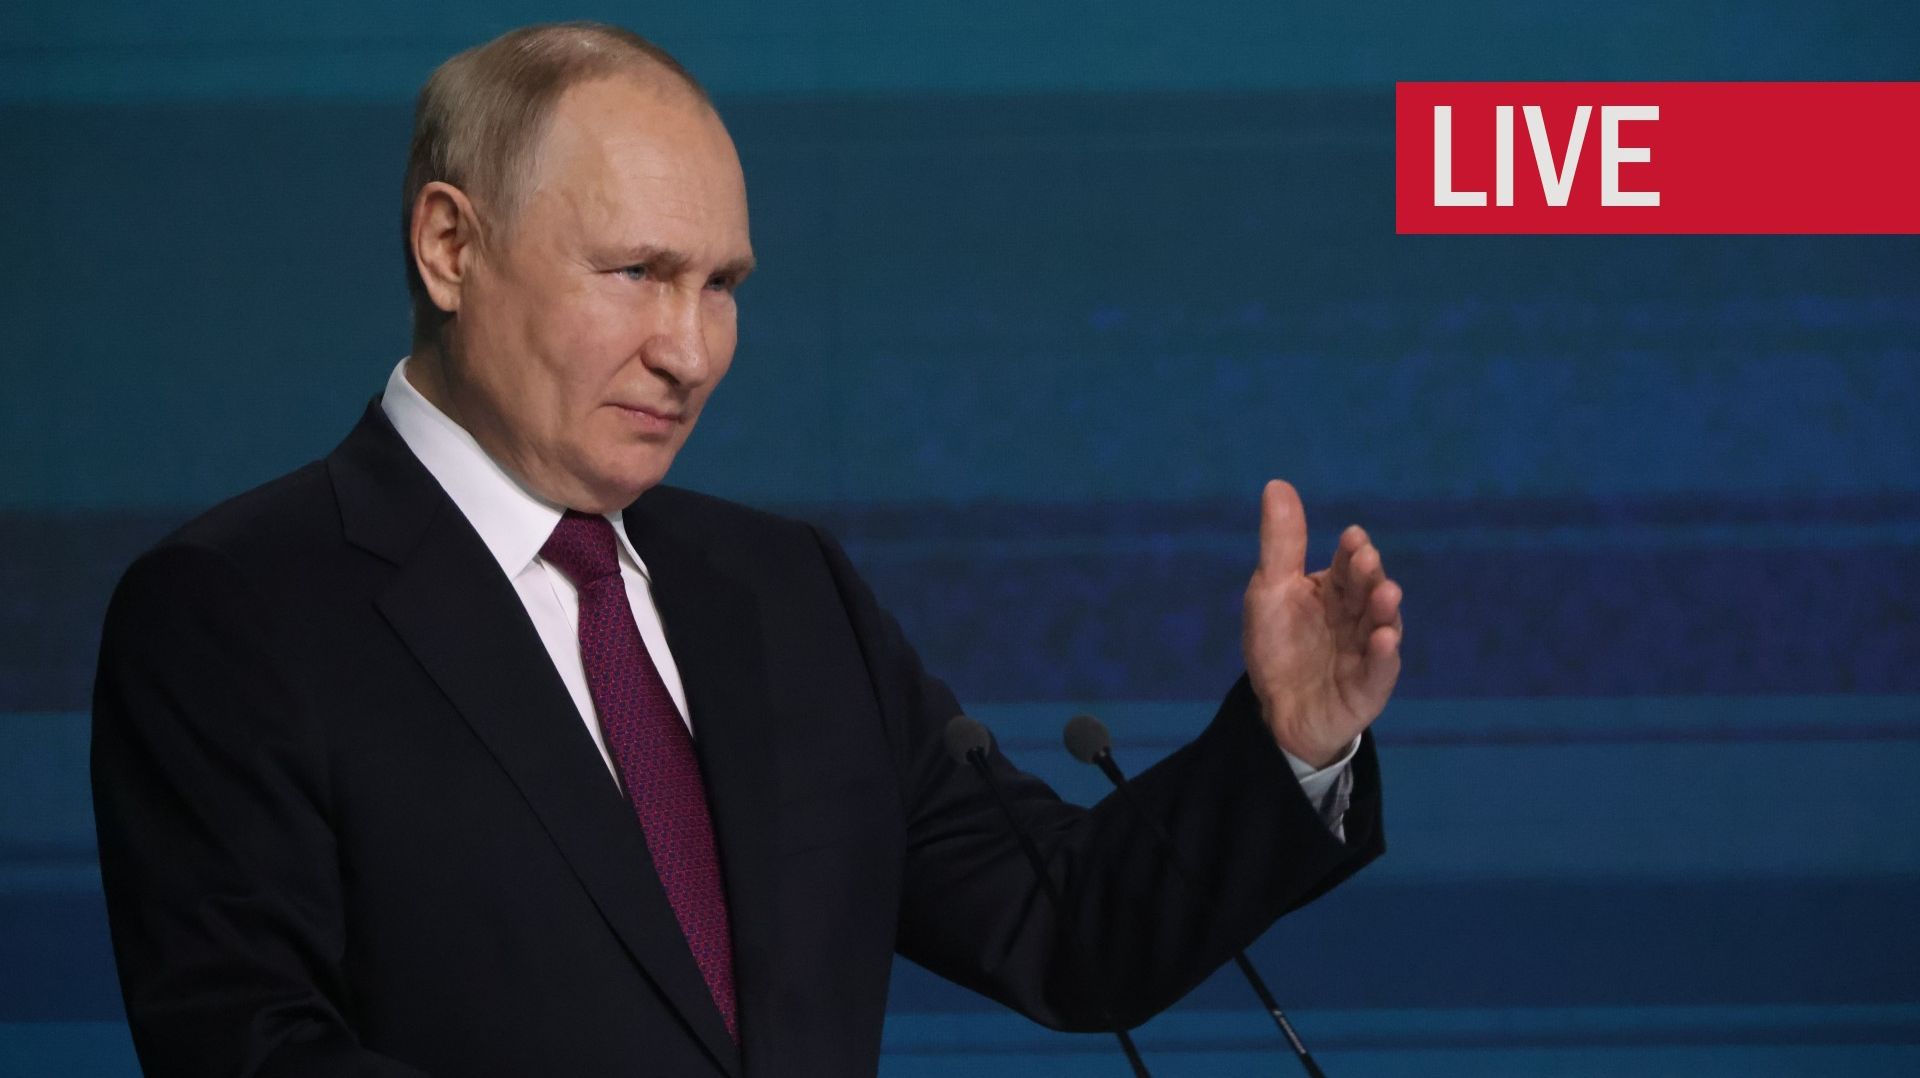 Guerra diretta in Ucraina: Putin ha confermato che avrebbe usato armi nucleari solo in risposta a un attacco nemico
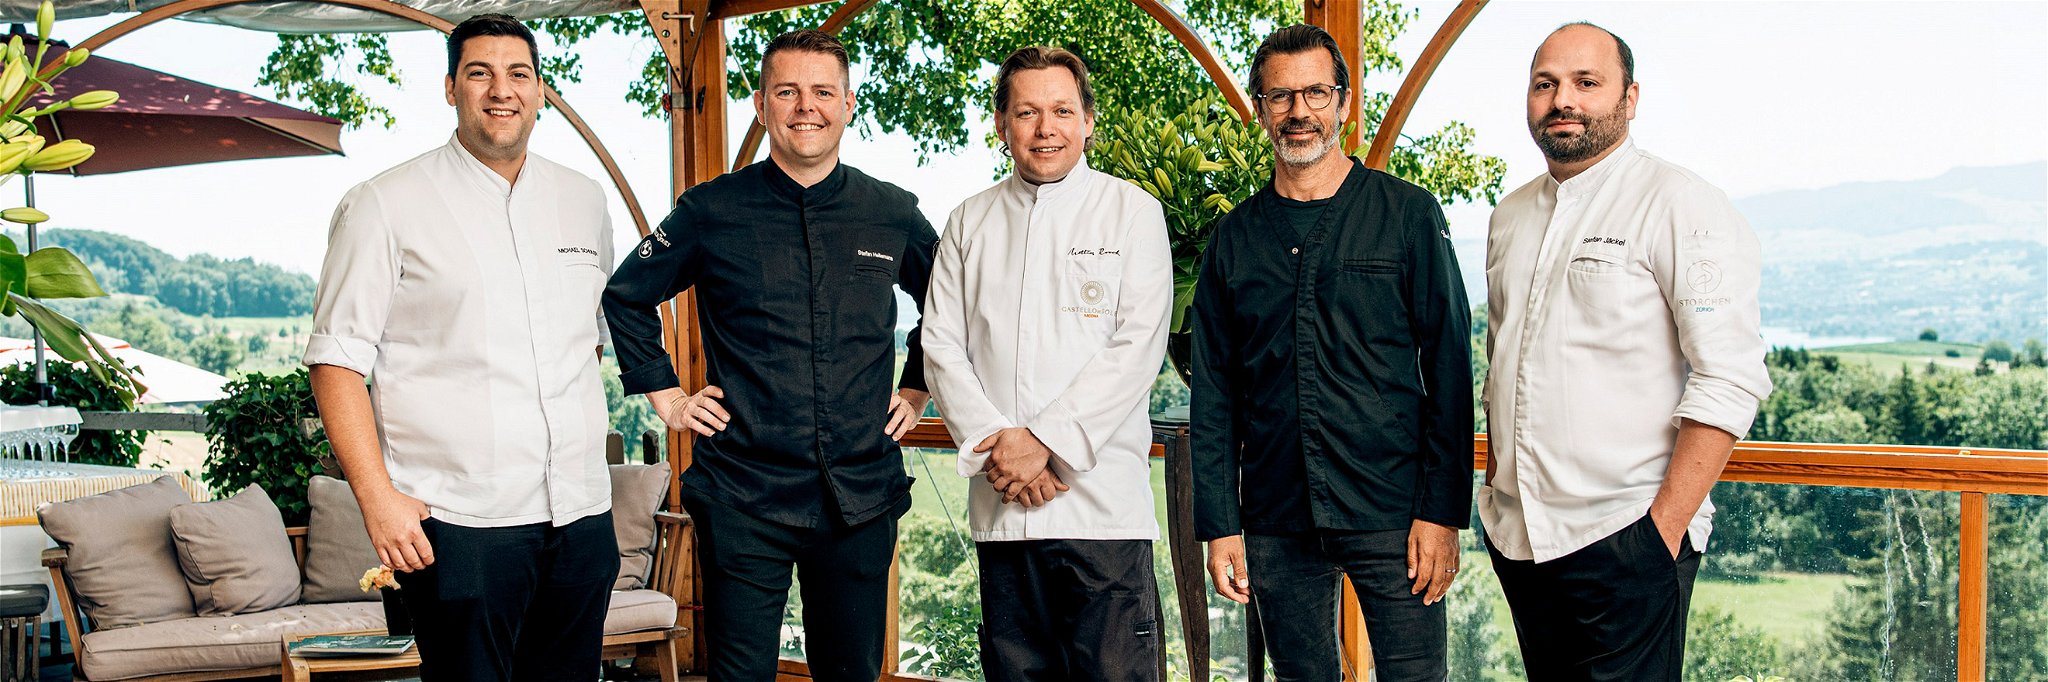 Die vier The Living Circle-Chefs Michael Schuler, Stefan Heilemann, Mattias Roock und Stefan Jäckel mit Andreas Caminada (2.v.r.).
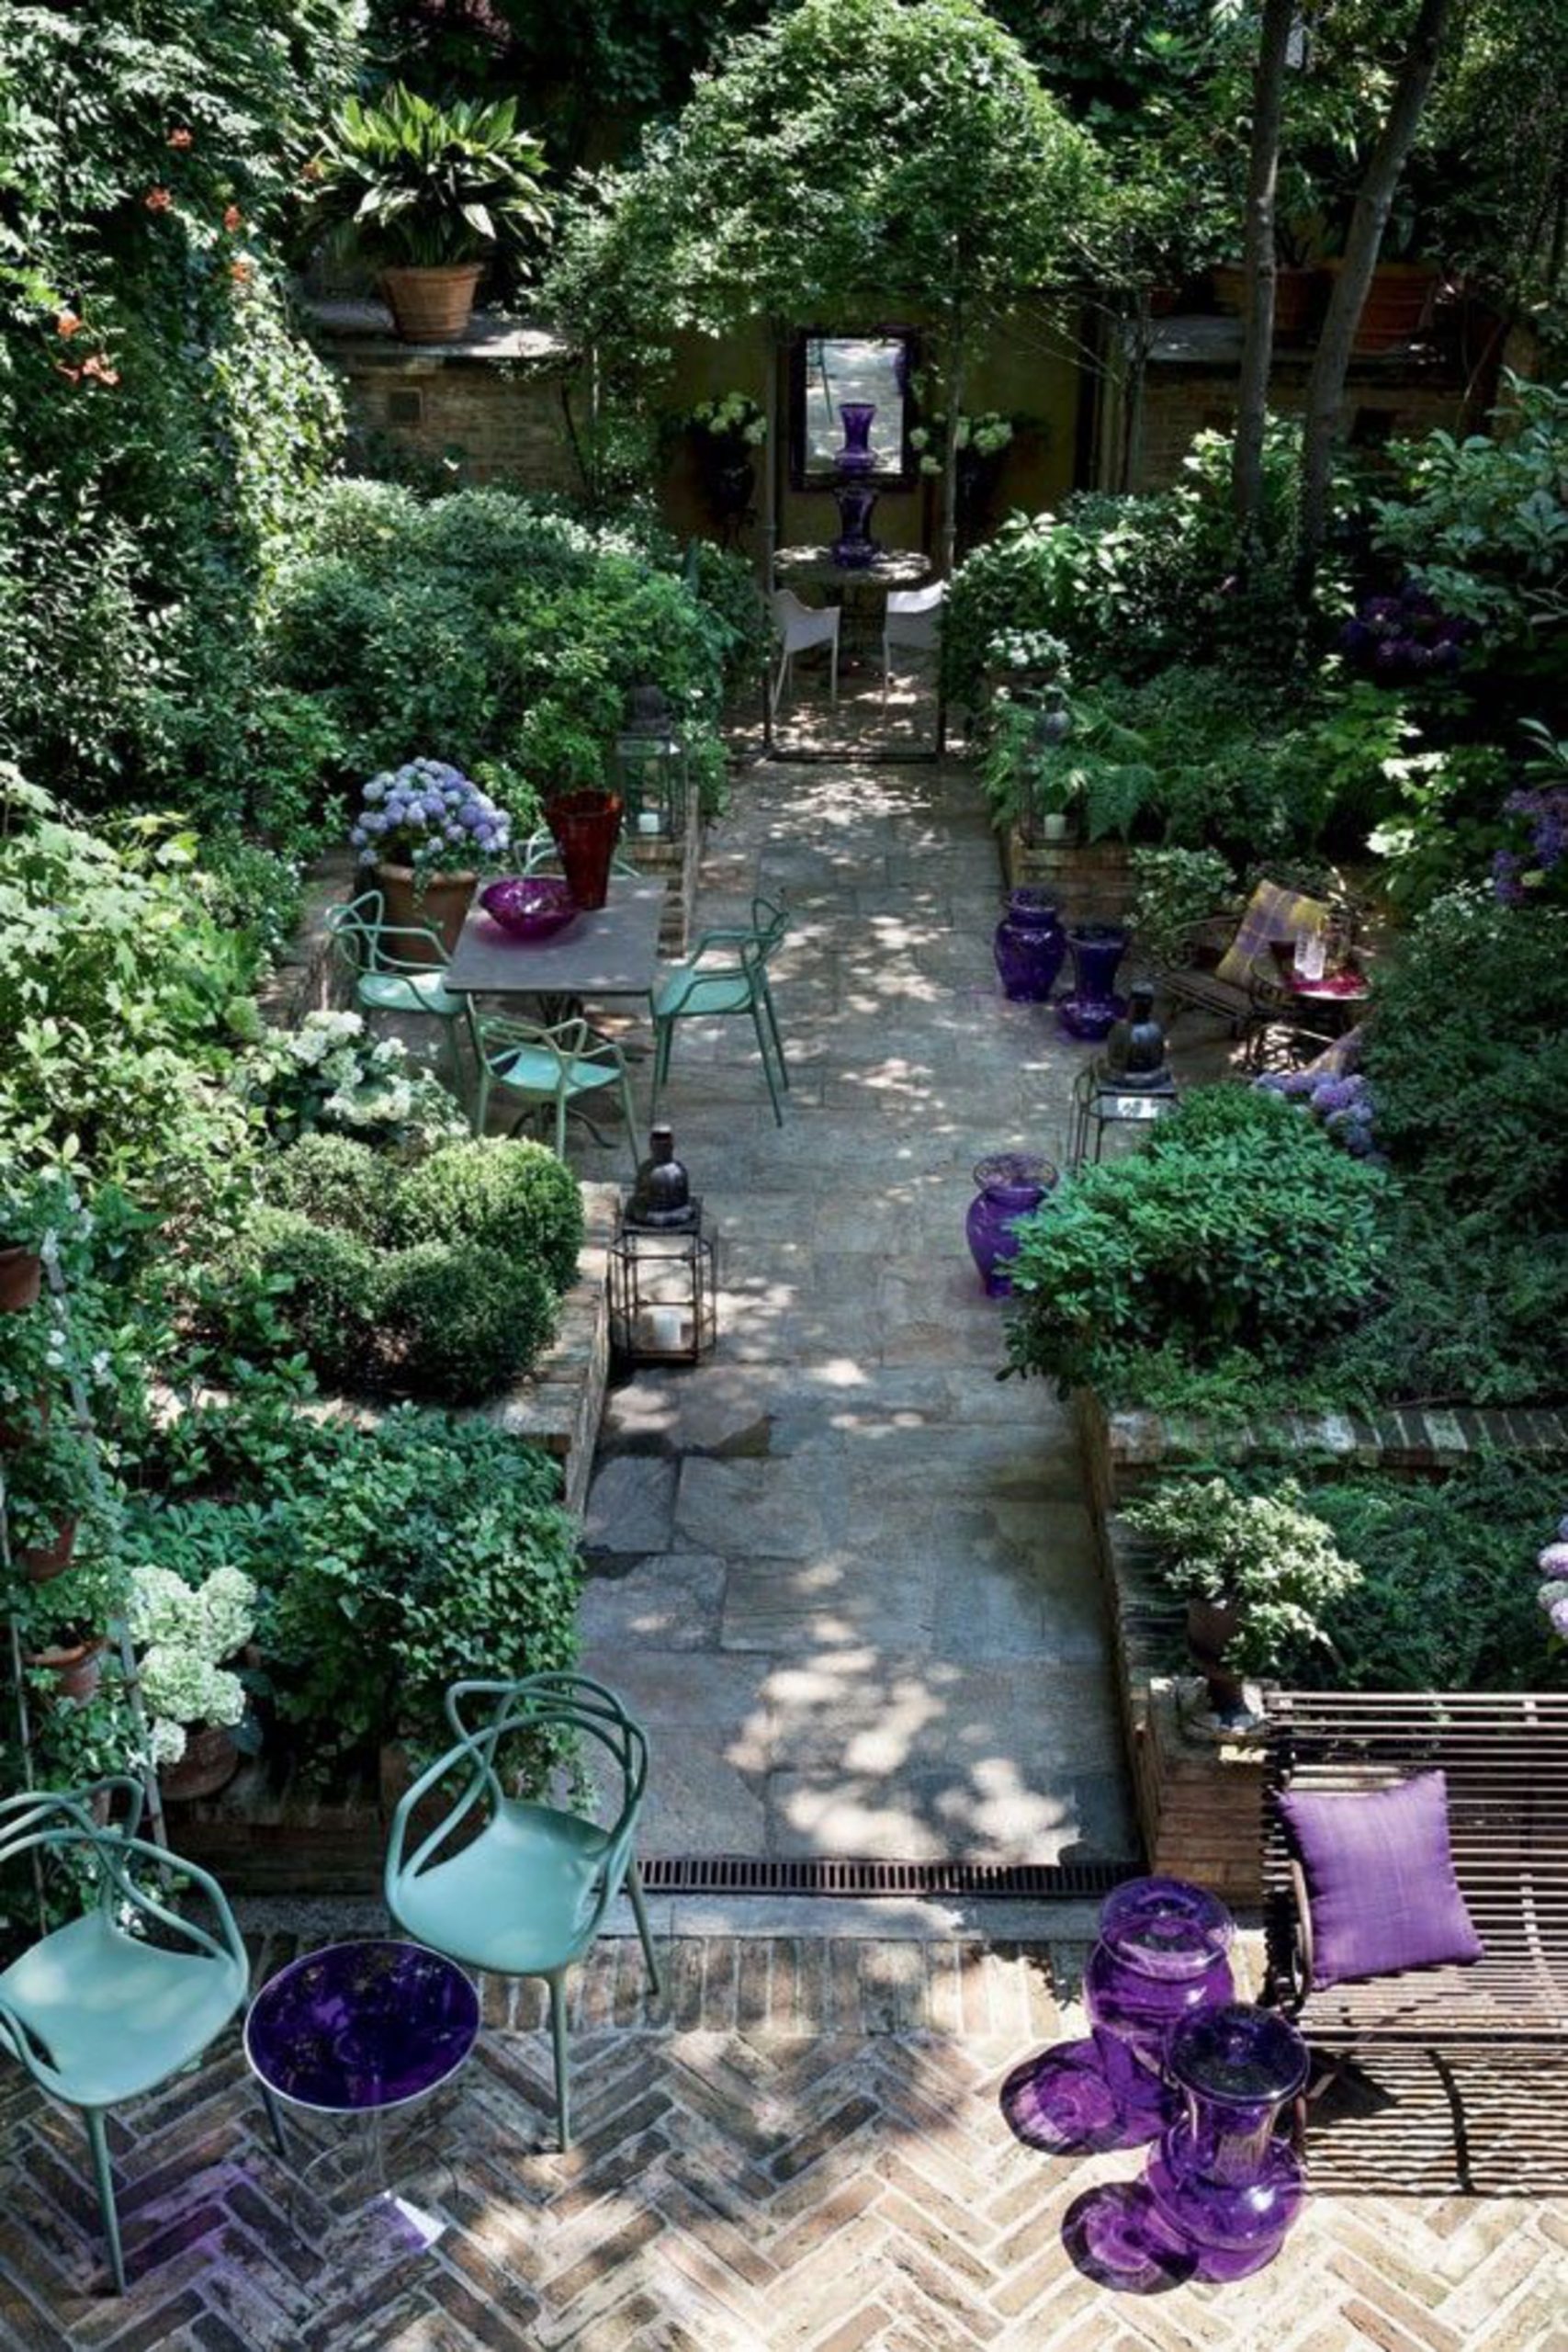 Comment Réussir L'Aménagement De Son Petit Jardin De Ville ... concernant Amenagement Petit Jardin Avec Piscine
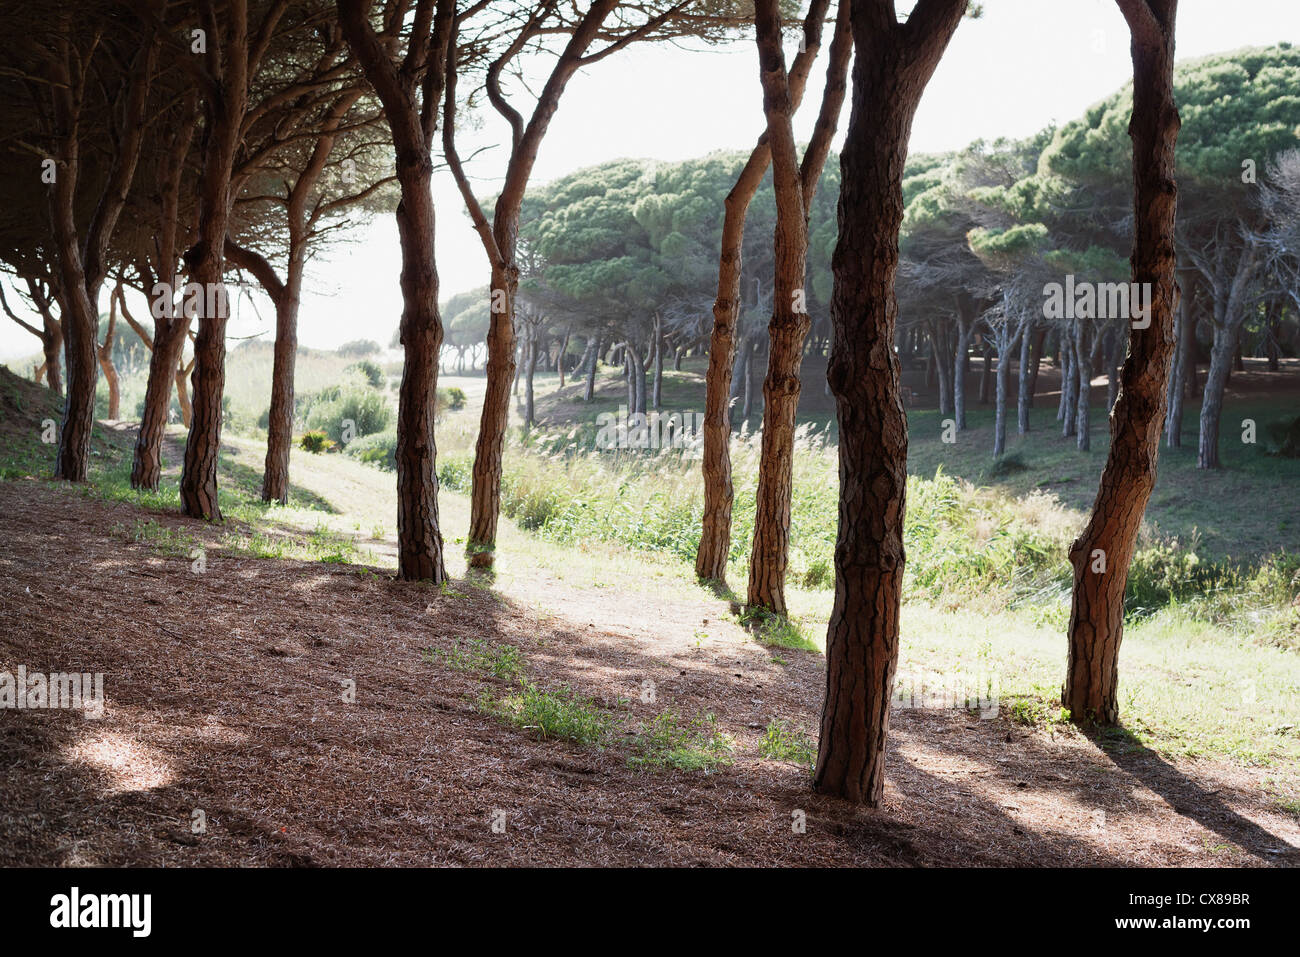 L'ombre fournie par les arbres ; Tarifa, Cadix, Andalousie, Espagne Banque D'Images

About this exercise> With the pictures left out, give again exactly the lines from the one that contains "Comment Réussir L'Aménagement" through the final line of the data above.

Result for this task>
 Comment Réussir L'Aménagement De Son Petit Jardin De Ville ... concernant Amenagement Petit Jardin Avec Piscine
 L'ombre fournie par les arbres ; Tarifa, Cadix, Andalousie, Espagne Banque D'Images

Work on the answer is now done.